I don’t want to seem humorless, and I do agree with Jason that there is a “tendency of nearly everyone to joke about wintertime cold spells” as counter-evidence to global warming. However, this Brookings reportThe Climate of Belief: American Public Opinion on Climate Change, reinforces my statement that it’s callous and irresponsible for those in the public eye to make this “joke” (I don’t truly believe that they think they’re joking).

Apparently Americans’ view on climate change and the necessity for decisive action is mercurial at best.  Even belief in the most fundamental findings of climate scientists — evident in answers to questions like, “From what you’ve read and heard, is there solid evidence that the average temperature on earth has been getting warmer over the past four decades?” — is subject to abrupt change. According to the report, in 2008, 72 percent of respondents answered “Yes” to that question, while, last year, it was only 66 percent. Most of the shift came from self-identified “independents,” who went from 74 to 61 percent from 2008 to 2009.

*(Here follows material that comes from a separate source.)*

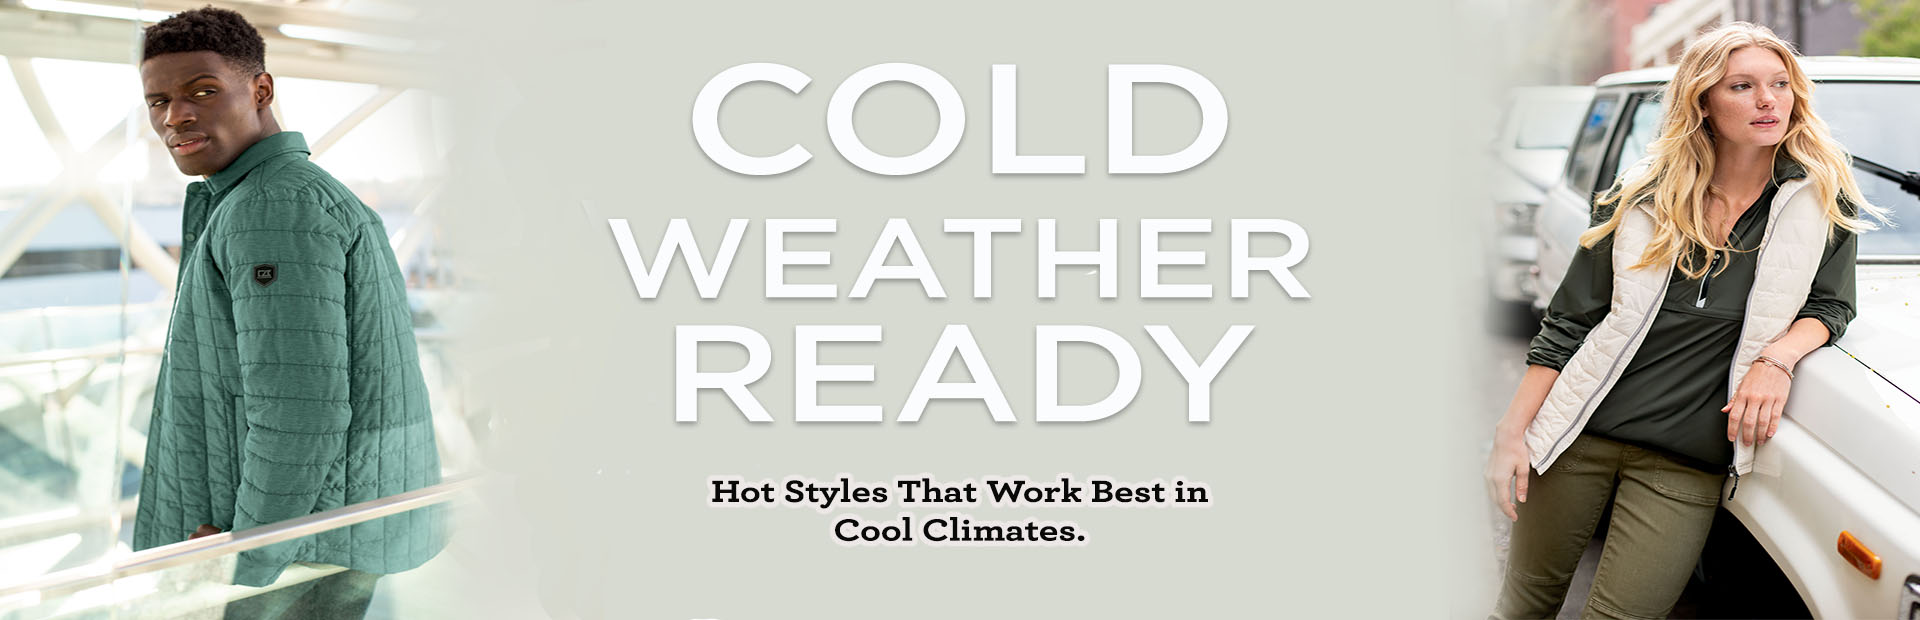 cold weather ready hot styles that work best in cool climates

And the hits just keep on coming. Even among those who answered “Yes” to the question above, the percentage who said that they were “very confident” that “the average temperature on earth is increasing” dropped from 58 to 40.  There is good news in that, in that same group, the number who believe that changing temperatures can be linked directly to “human activities” remained constant. However that is followed by some of the worst news in the report, the percentage who believe that global warming is a “very serious” problem tumbled from 60 to 51. The full report (pdf) follows with some interesting opinions on various policy options — worth the read but tangential to my point.

Unfortunately, the Brookings survey shows the public view on climate is malleable in a very short time period. And, again, public opinion and desire for change is central to mustering the political will necessary to forge a global agreement.  I shouldn’t have to follow that by saying that if we don’t do something soon there will be severe consequences, but apparently I do.